RDP Proxy features was initially released in NetScaler 10.5.e release, and was made GA with the 11.0 release. There was a lot of questions about it when it was first released, and some misunderstandings too. Read on to get a understanding on what RDP proxy @ NSGW can do for you.

From a high level perspective RDP Proxy gives the following functionalities:

  • The ability to authenticate a user with multiple factors before giving them access to make an RDC to a backend host
  • Reverse-proxy connection to your RDS host
  • No need for a full VPN connection
  • Control which RDP capabilities is available to the client
  • Encrypt your RDS traffic
  • Change port on RDS traffic from 3389 to your choice(so you can sneak around the FW’s)

Use case:

Remote access to a jump host: If you don’t have a Citrix XD installation for everything, this is a cost effective way to get access to a backend host, from where you can access other resources all from the same portal as you are used to.


The configuration consists of 3 elements.

RDP server profile; this is where you define which ip and port the NetScaler should listen on for incoming connections.
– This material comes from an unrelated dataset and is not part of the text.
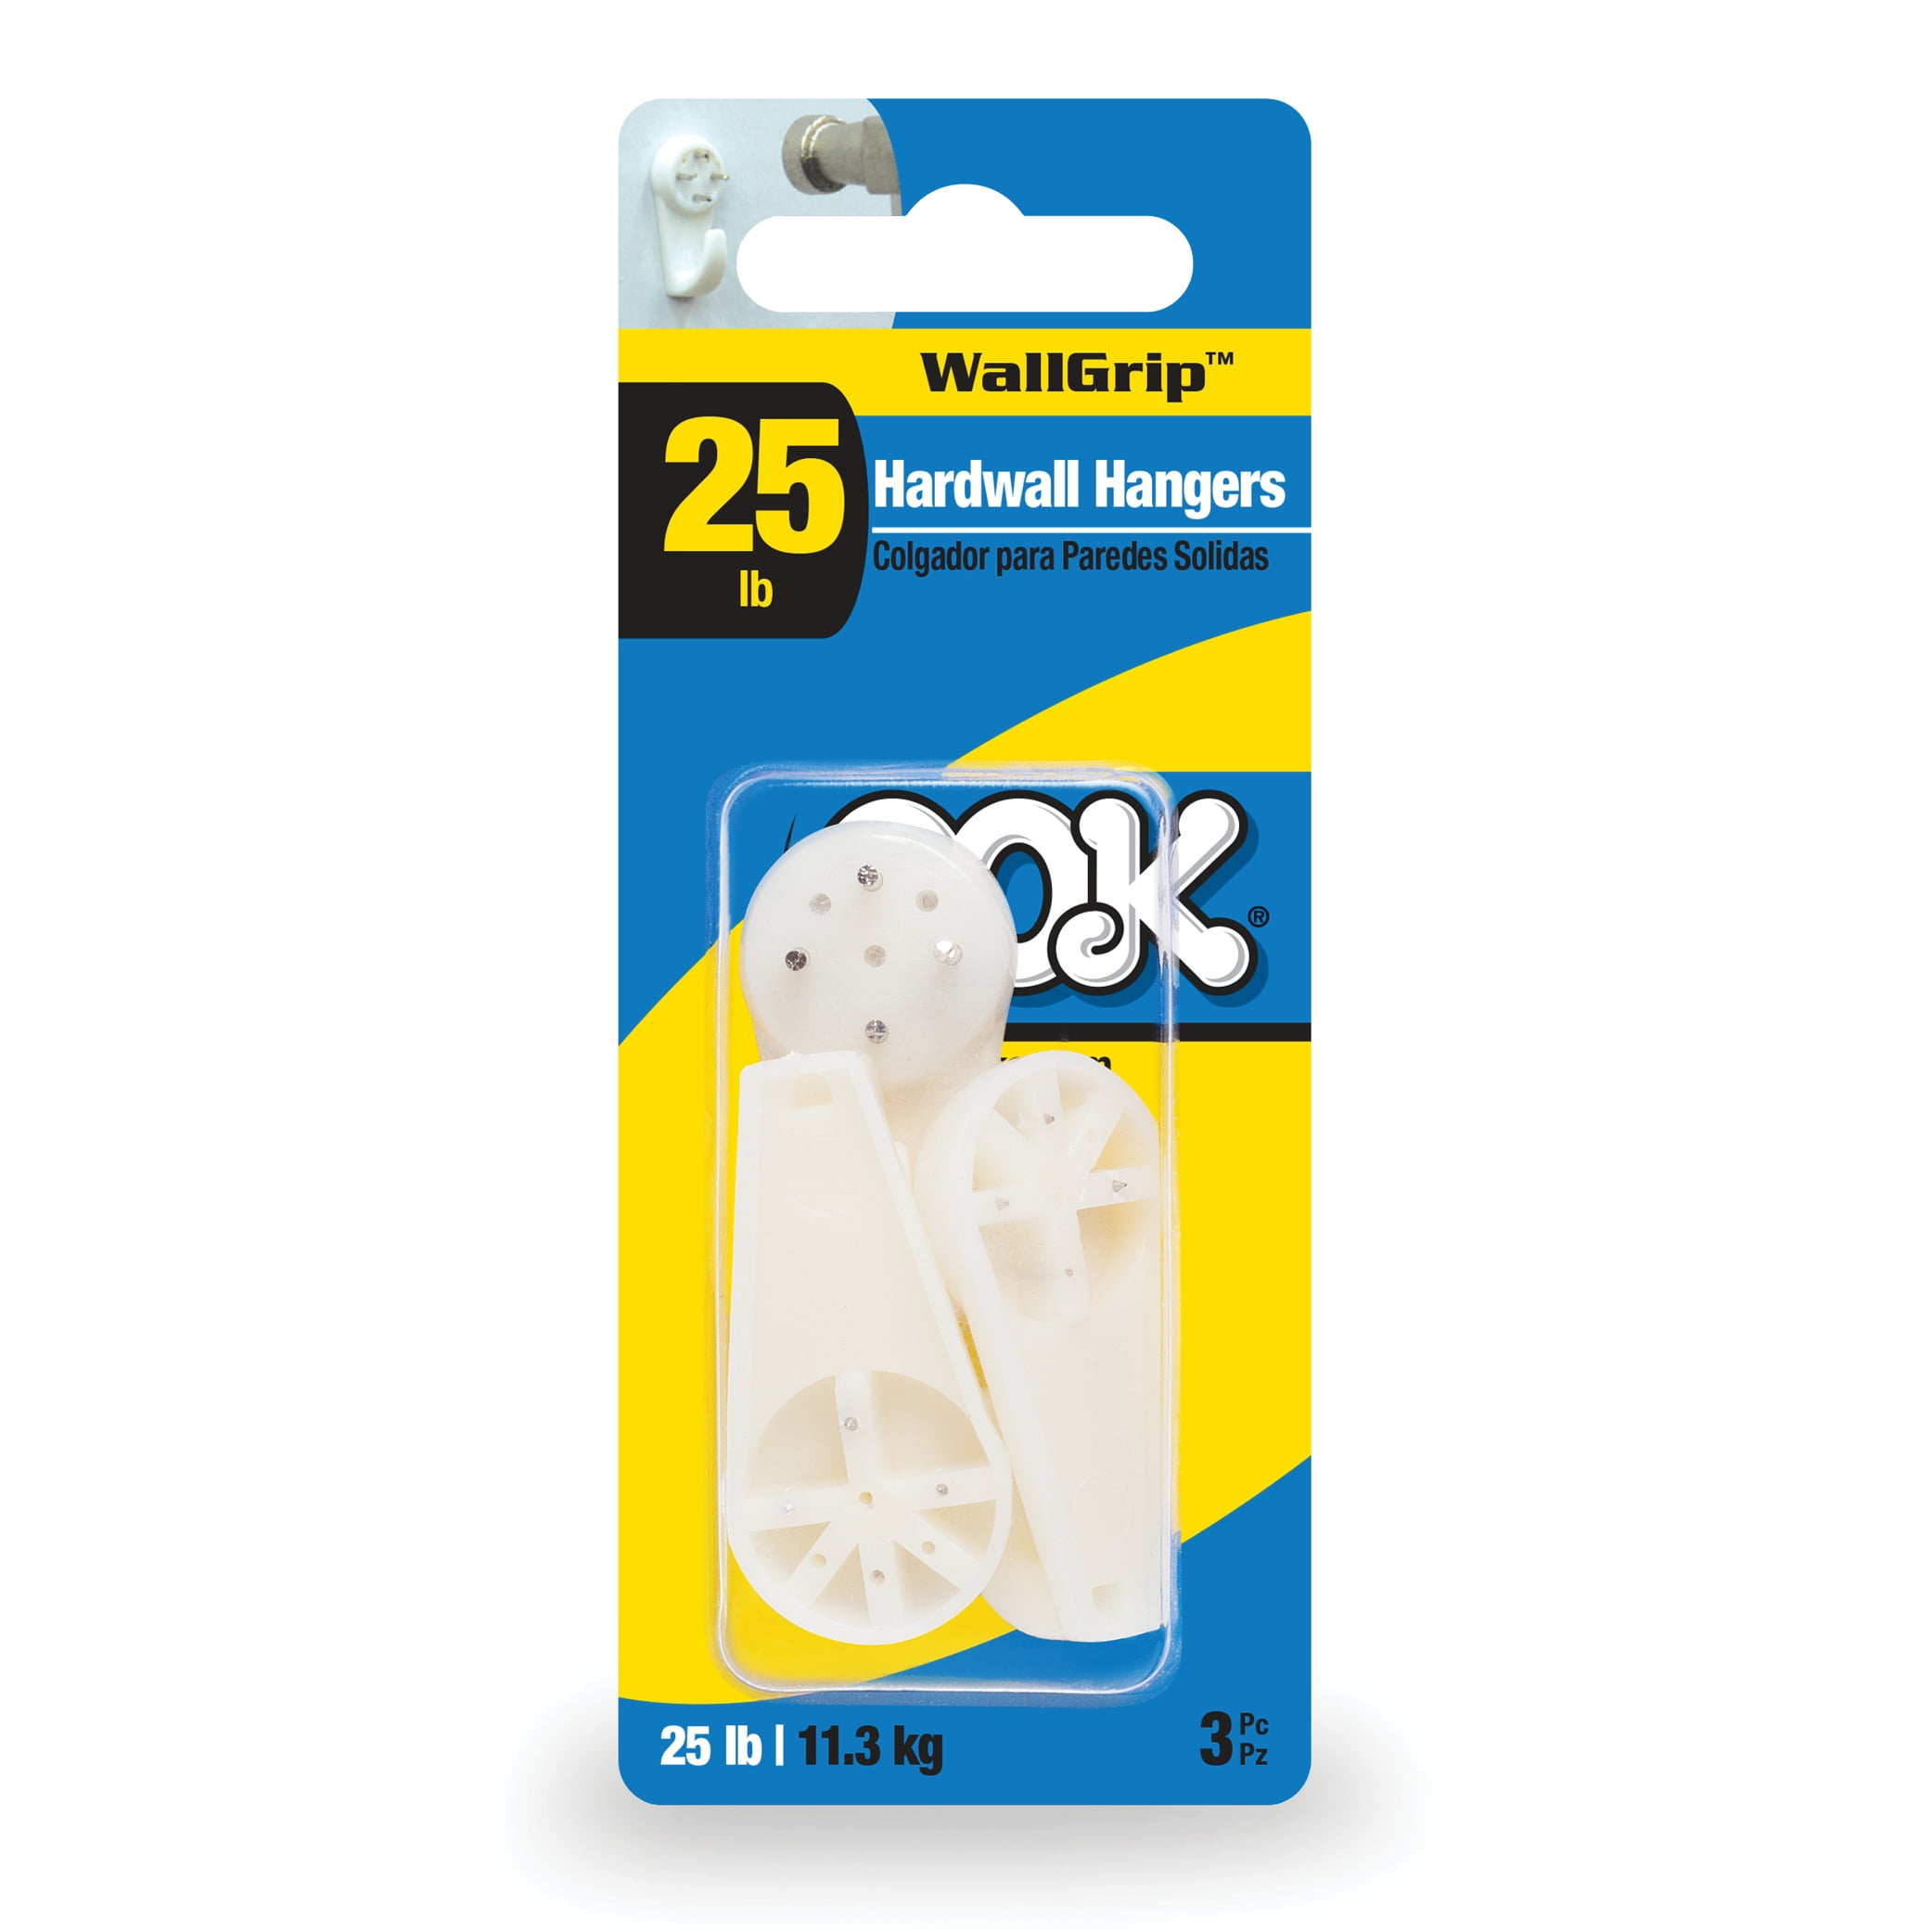 OOK Wall Grip, Hard Wall Hangers, White, 25LB, 3 Pieces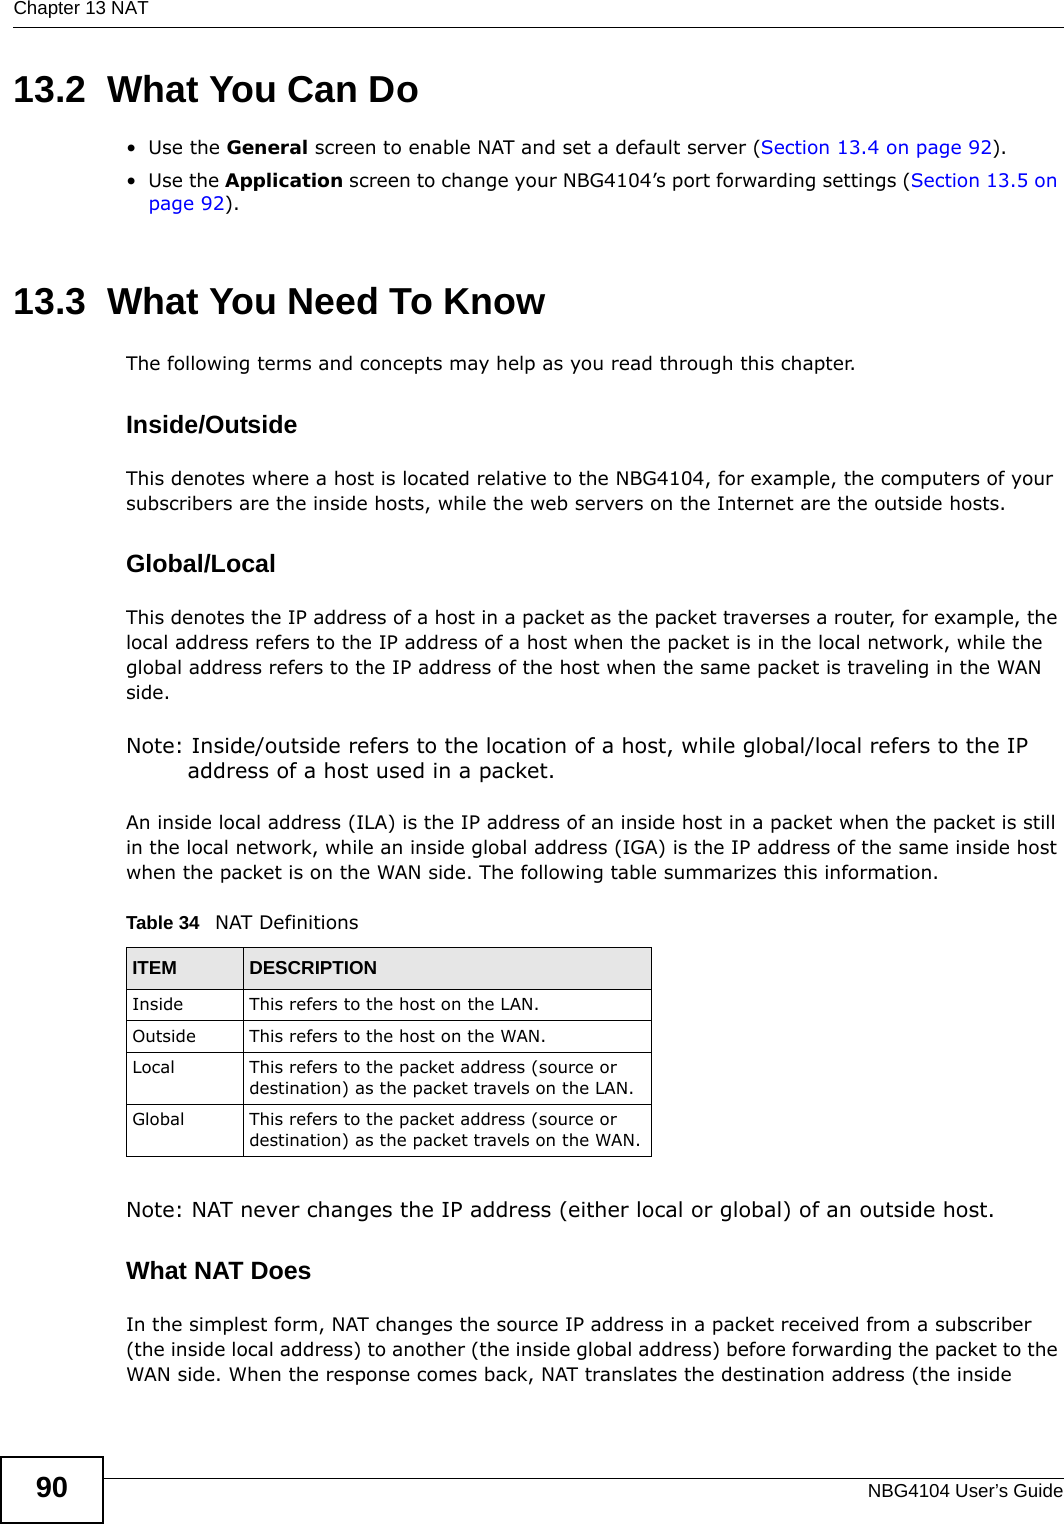 Chapter 13 NATNBG4104 User’s Guide9013.2  What You Can Do•Use the General screen to enable NAT and set a default server (Section 13.4 on page 92).•Use the Application screen to change your NBG4104’s port forwarding settings (Section 13.5 on page 92).13.3  What You Need To KnowThe following terms and concepts may help as you read through this chapter.Inside/OutsideThis denotes where a host is located relative to the NBG4104, for example, the computers of your subscribers are the inside hosts, while the web servers on the Internet are the outside hosts. Global/Local This denotes the IP address of a host in a packet as the packet traverses a router, for example, the local address refers to the IP address of a host when the packet is in the local network, while the global address refers to the IP address of the host when the same packet is traveling in the WAN side. Note: Inside/outside refers to the location of a host, while global/local refers to the IP address of a host used in a packet. An inside local address (ILA) is the IP address of an inside host in a packet when the packet is still in the local network, while an inside global address (IGA) is the IP address of the same inside host when the packet is on the WAN side. The following table summarizes this information.Note: NAT never changes the IP address (either local or global) of an outside host.What NAT DoesIn the simplest form, NAT changes the source IP address in a packet received from a subscriber (the inside local address) to another (the inside global address) before forwarding the packet to the WAN side. When the response comes back, NAT translates the destination address (the inside Table 34   NAT DefinitionsITEM DESCRIPTIONInside This refers to the host on the LAN.Outside This refers to the host on the WAN.Local This refers to the packet address (source or destination) as the packet travels on the LAN.Global This refers to the packet address (source or destination) as the packet travels on the WAN.

The RDP server profile is bound to a NSGW vServer

RDP client profile; this is where you define which RDP capabilities that’s available to the client (print mapping, drive sharing). The RDP Client profile is bound to a session profile.

RDP Bookmarks; This is where you define the backend server/host’s IP address. The RDP bookmarks are bound to a user or a group.

What happens:

Client connects to NS Gateway and is prompted to enter credentials.

List of Remote Desktop resources that the user can access is provided in the Portal.

Once the user clicks on a link, the request is authorized and NS generates the .rdp file.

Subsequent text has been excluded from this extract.